» Data provided:
::::::::::

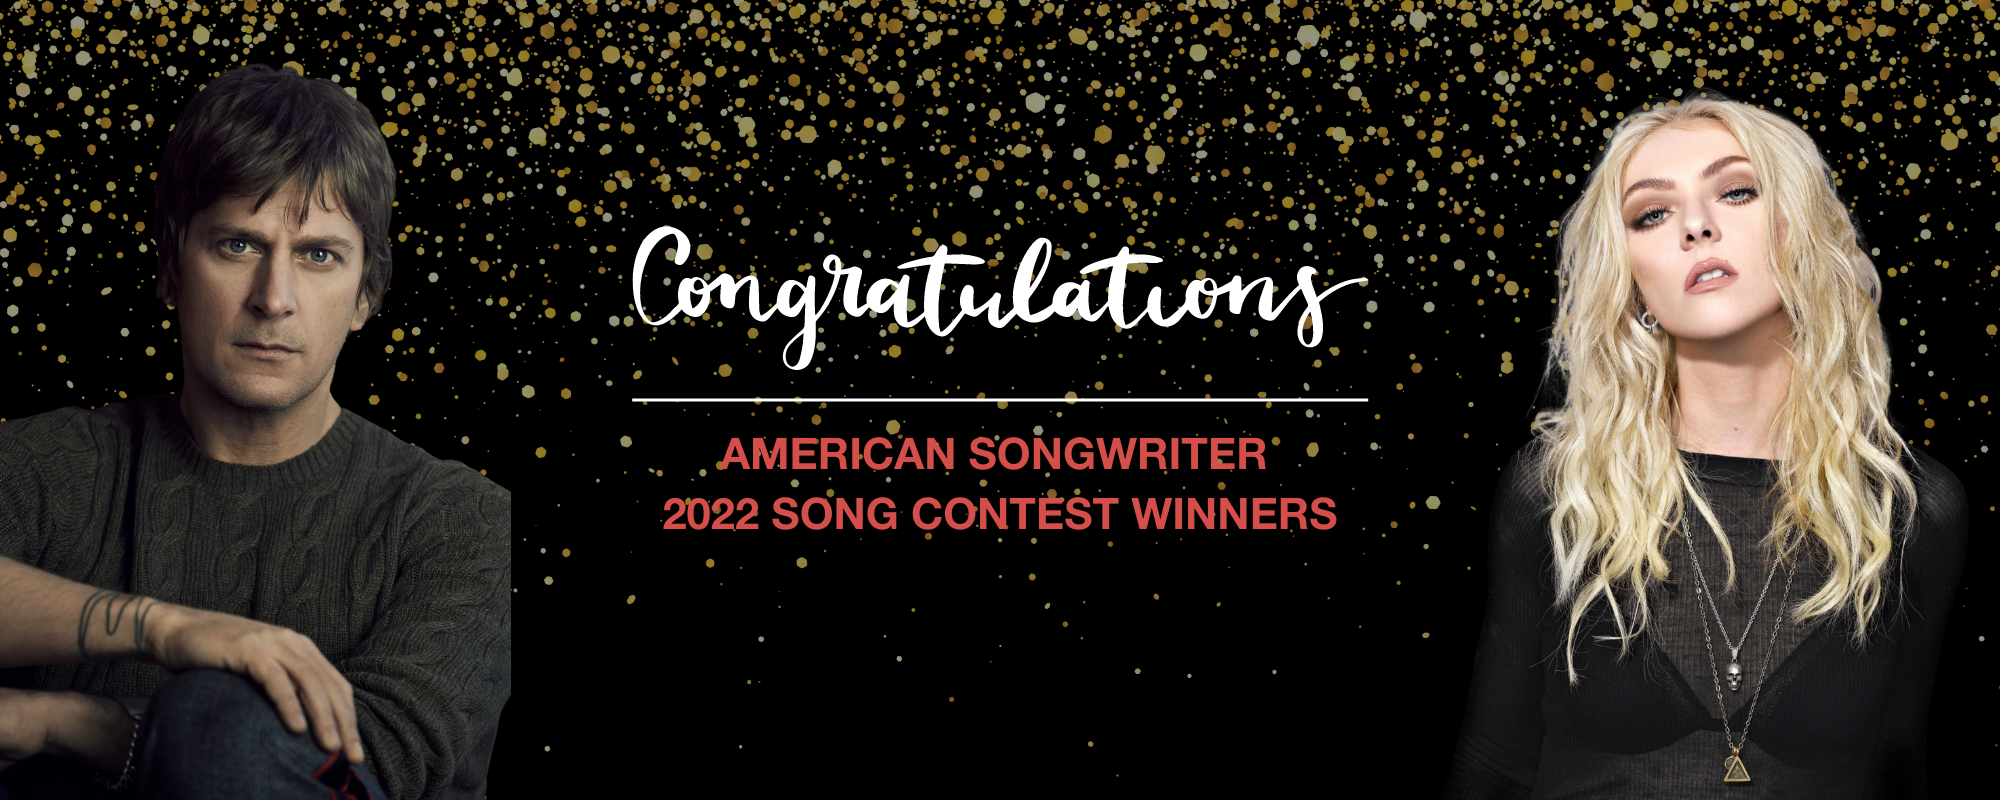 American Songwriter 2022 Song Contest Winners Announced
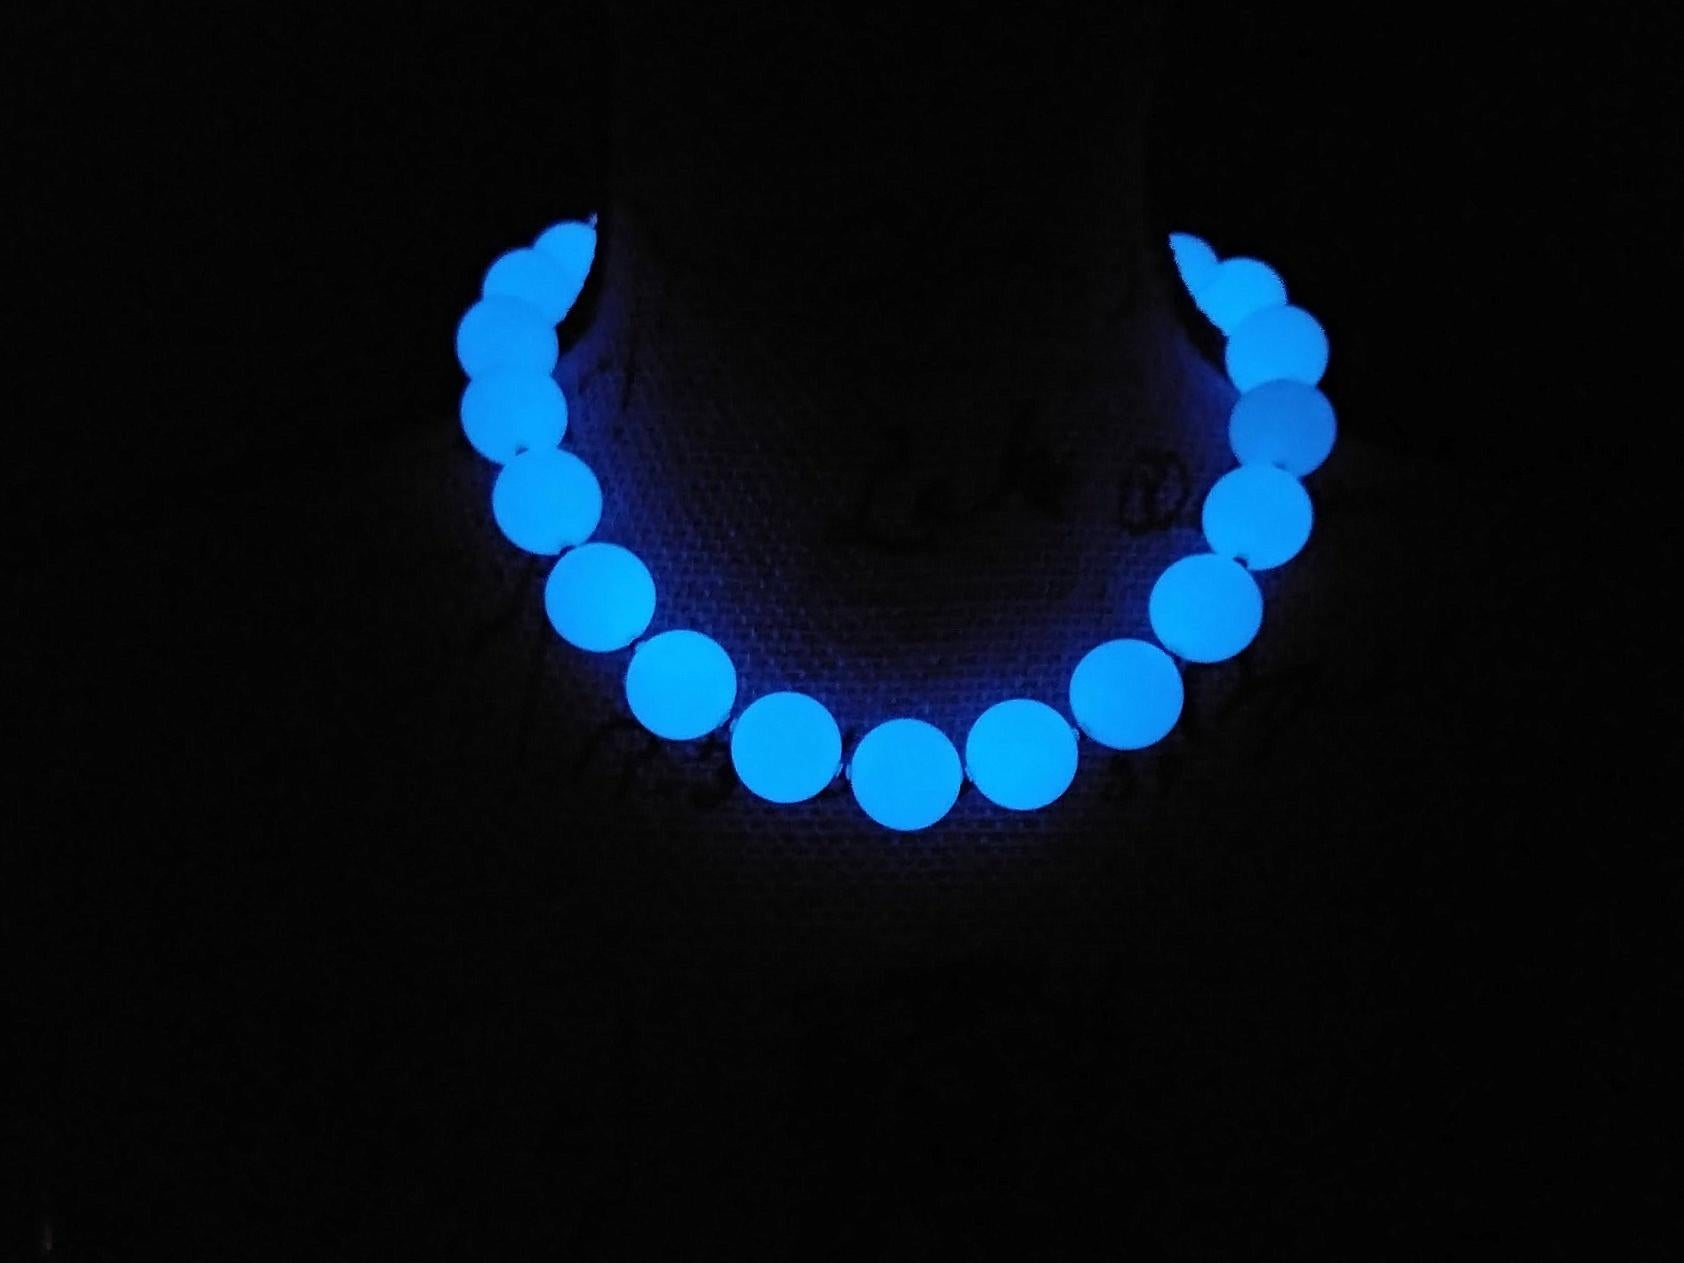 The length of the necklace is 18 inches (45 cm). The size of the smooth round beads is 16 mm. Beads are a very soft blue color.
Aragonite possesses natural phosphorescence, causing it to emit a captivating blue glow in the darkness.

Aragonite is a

::::::::::

» Work instruction: Tell how many lines of the data above hold the string "Aragonite". The number alone is the answer.

» Solution for this exercise: 2